I got this a year or so ago, and was given free from the website, so I have no problem letting people have it. It was a free song last year or the year before from this site:

Super Simple Songs - Easy English songs for kids.


Just right click the link below and (Save file as) download and Enjoy!

http://home.comcast.net/~elokens/Knock Knock Trick or Treat.mp3



Lyrics:

Knock knock. Trick or treat?
Who are you?
I'm a ghost. I'm a little ghost.
Knock knock. Trick or treat?
Who are you?
I'm a ghost. I'm a little ghost.

Knock knock. Trick or treat?
Who are you?
I'm a cowboy. I'm a little cowboy.
Knock knock. Trick or treat?
Who are you?
I'm a cowboy. I'm a little cowboy.

Knock knock. Trick or treat?
Who are you?
I'm a witch. I'm a little witch.
Knock knock. Trick or treat?
Who are you?
I'm a witch. I'm a little witch.

Knock knock. Trick or treat?
Who are you?
I'm a monster. I'm a little monster.
Knock knock. Trick or treat?
Who are you?
I'm a monster. I'm a little monster.

Knock knock.
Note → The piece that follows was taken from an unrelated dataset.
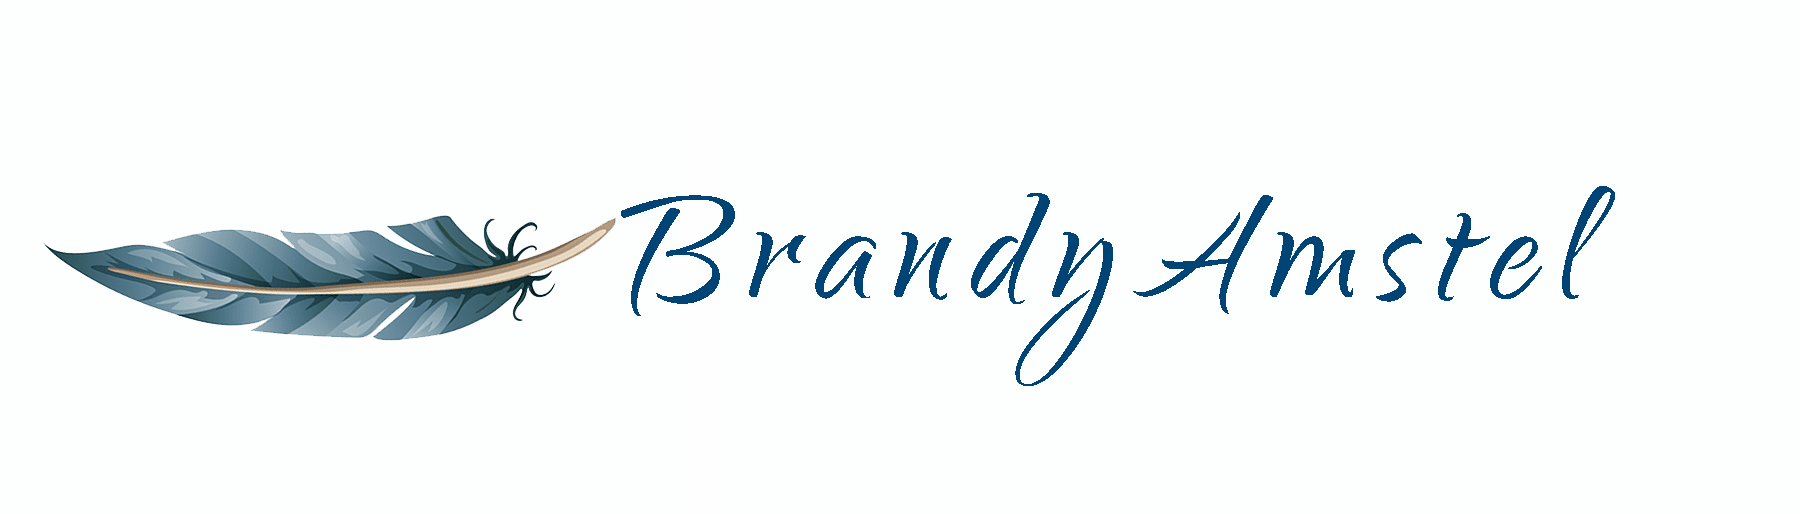 Brandy Amstel
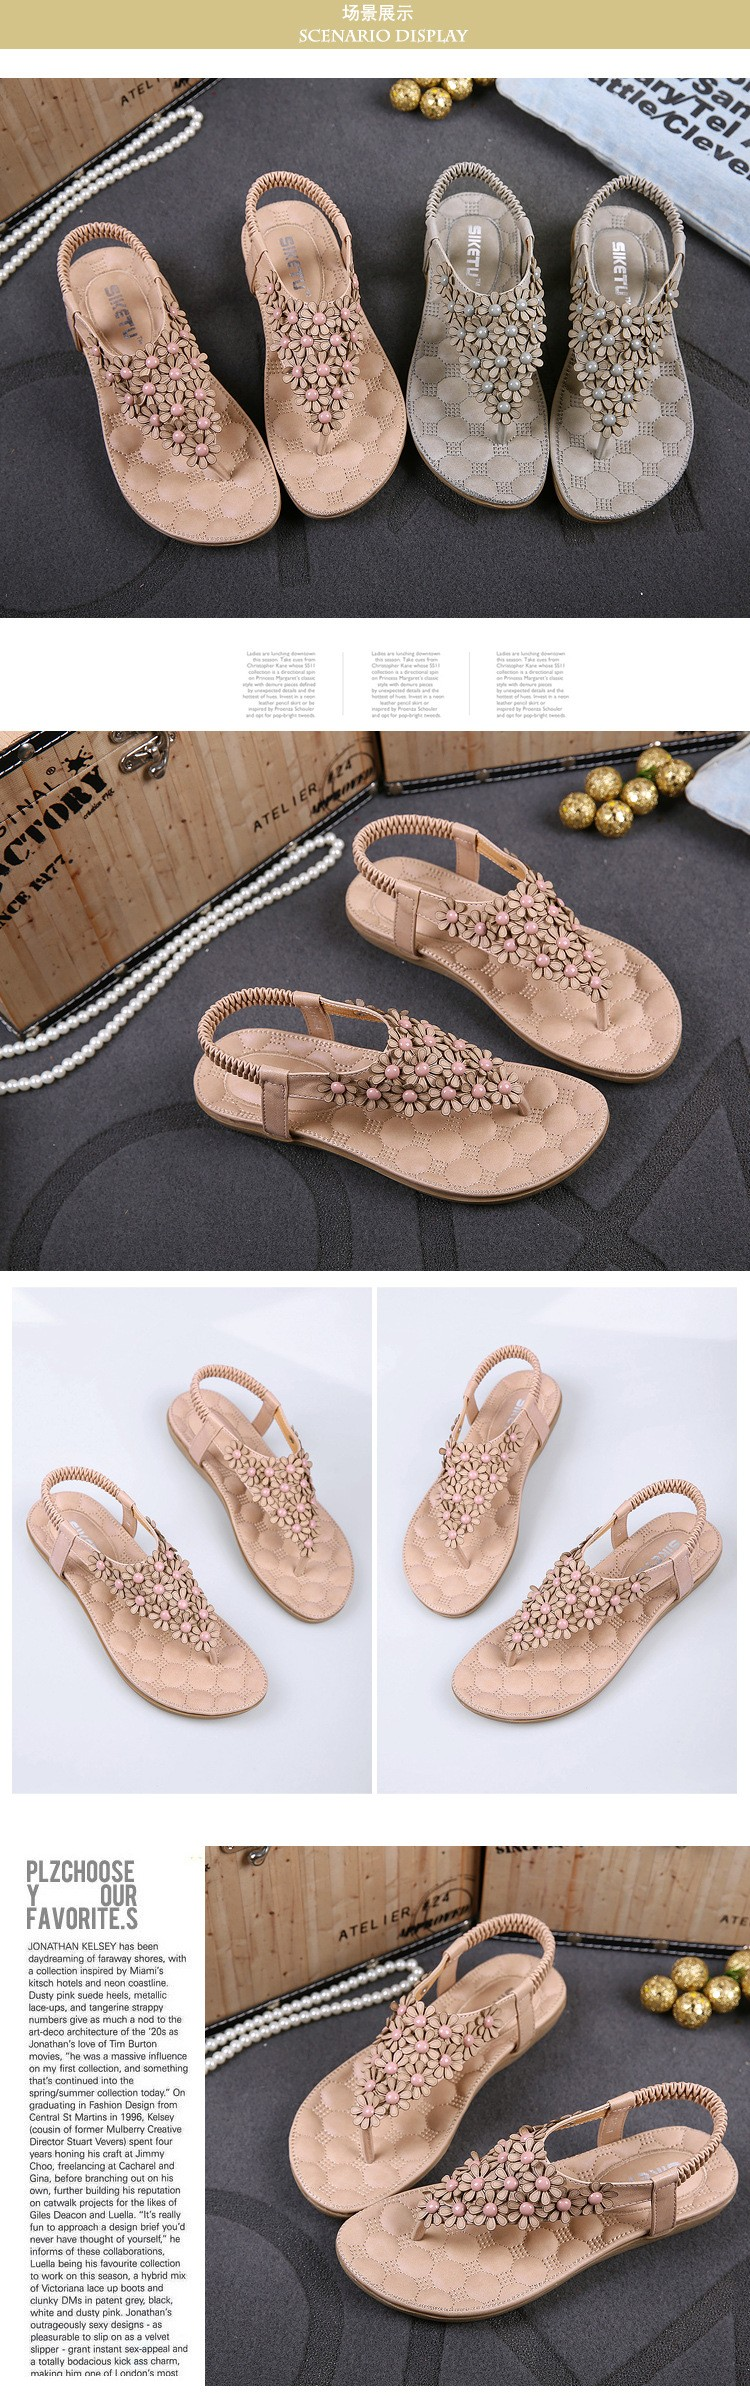 Bohemia Womens Sandals Summer 2016 Fashion Elastic Band Flip Flops Women Beach Sandals Flowers Flat Slippers Sandale Femme NX70

Trick or treat?
Who are you?
I'm a ballerina. A little ballerina.
Knock knock. Trick or treat?
Who are you?
I'm a ballerina. A little ballerina.

Knock knock. Trick or treat?
Who are you?
I'm a pirate. I'm a little pirate.
Knock knock. Trick or treat?
Who are you?
I'm a pirate. I'm a little pirate.

Knock knock. Trick or treat?
Happy Halloween. Happy Halloween.
Knock knock. Trick or treat?
Happy Halloween. Happy Halloween.


----------